GCG Attack On A Diffusion LLM
Published on arXiv
2601.14266
Input Manipulation Attack
OWASP ML Top 10 — ML01
Prompt Injection
OWASP LLM Top 10 — LLM01
Key Finding
Prefix perturbation was the most computationally efficient and effective GCG variant; attacks on the LLaDA-Instruct model were overwhelmingly unsuccessful; the unmodified LLaDA-Base refused 93.65% of AdvBench prompts, suggesting baseline robustness but with a non-trivial attack surface.
GCG (Greedy Coordinate Gradient) for diffusion LLMs
Novel technique introduced
While most LLMs are autoregressive, diffusion-based LLMs have recently emerged as an alternative method for generation. Greedy Coordinate Gradient (GCG) attacks have proven effective against autoregressive models, but their applicability to diffusion language models remains largely unexplored.
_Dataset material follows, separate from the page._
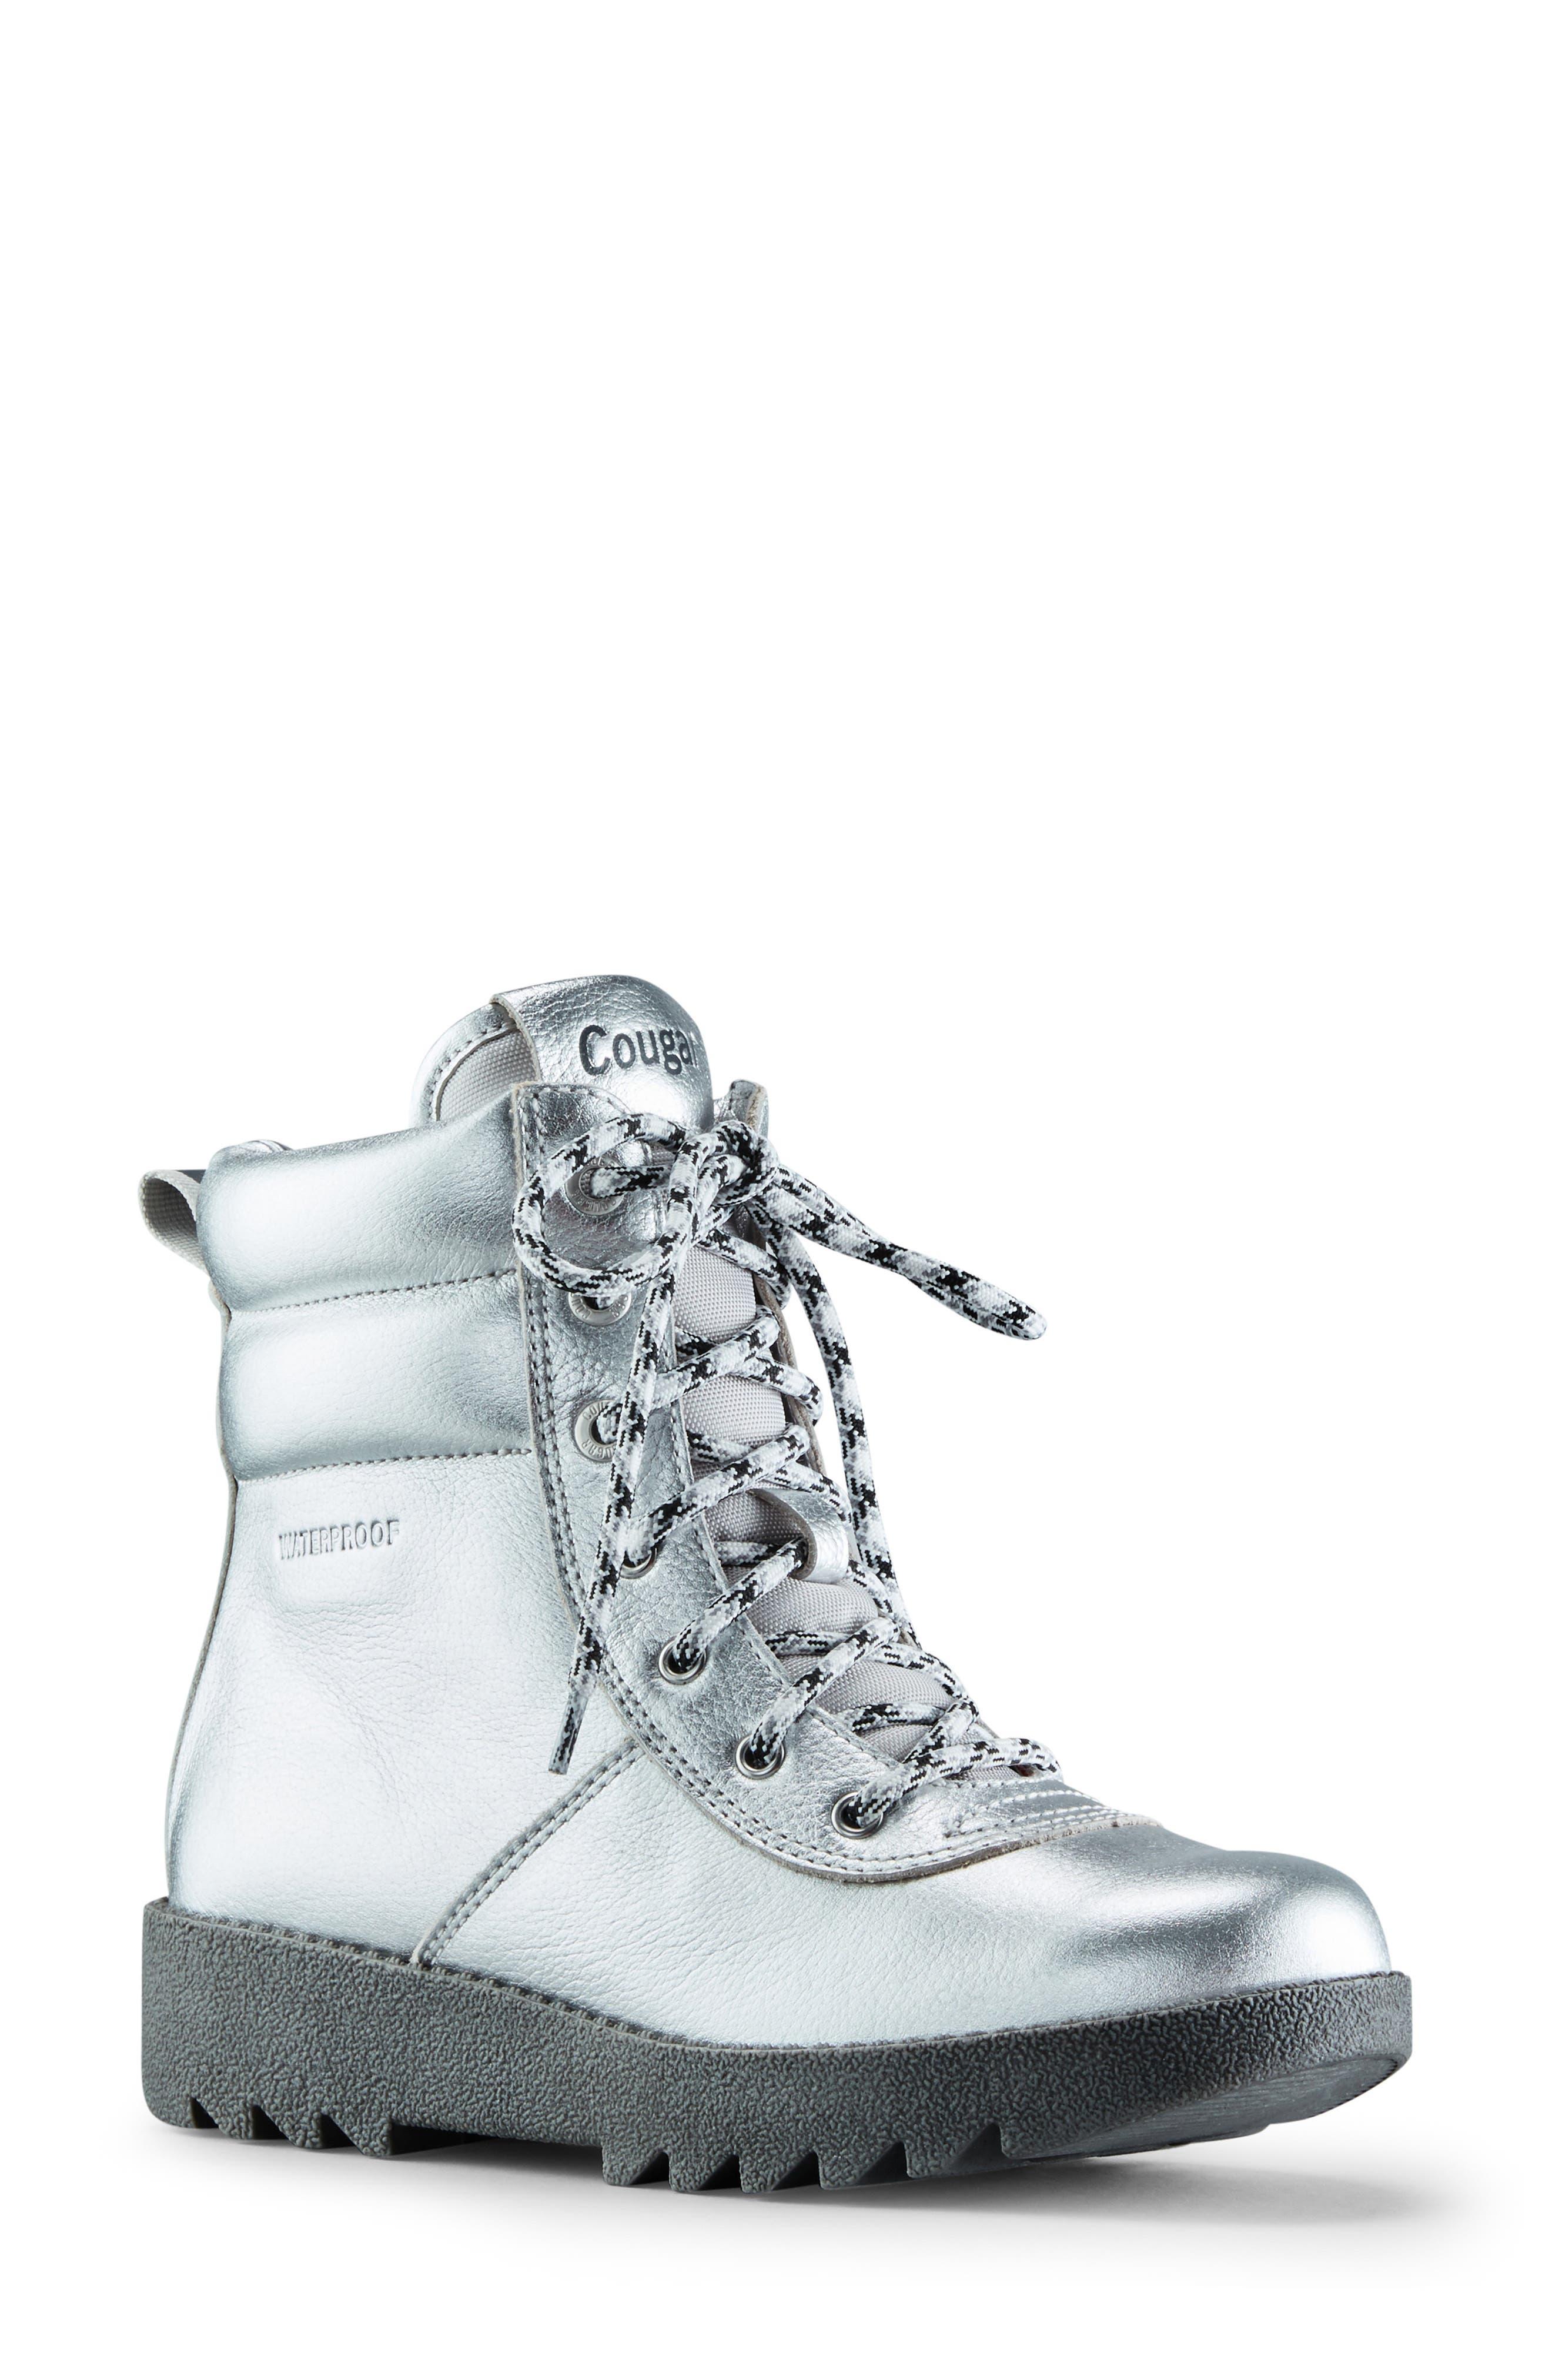 Cougar Shoes Pax Waterproof Bootie In Silver At Nordstrom Rack in

In this work, we present an exploratory study of GCG-style adversarial prompt attacks on LLaDA (Large Language Diffusion with mAsking), an open-source diffusion LLM. We evaluate multiple attack variants, including prefix perturbations and suffix-based adversarial generation, on harmful prompts drawn from the AdvBench dataset. Our study provides initial insights into the robustness and attack surface of diffusion language models and motivates the development of alternative optimization and evaluation strategies for adversarial analysis in this setting.
Key Contributions
- First exploratory implementation of GCG-style gradient-based attacks on a diffusion LLM (LLaDA), covering prefix permutation and adversarial suffix generation variants
- Empirical comparison of three GCG variants (prefix, random suffix, Qwen-seeded suffix) on LLaDA-Base and LLaDA-Instruct using AdvBench harmful prompts
- Preliminary insights into the attack surface and robustness of diffusion language models, motivating new optimization and evaluation strategies for this model class
🛡️ Threat Analysis
GCG is a gradient-based adversarial token-level optimization attack (suffix/prefix perturbation) targeting a language model at inference time — the taxonomy explicitly identifies adversarial suffix optimization on LLMs as ML01.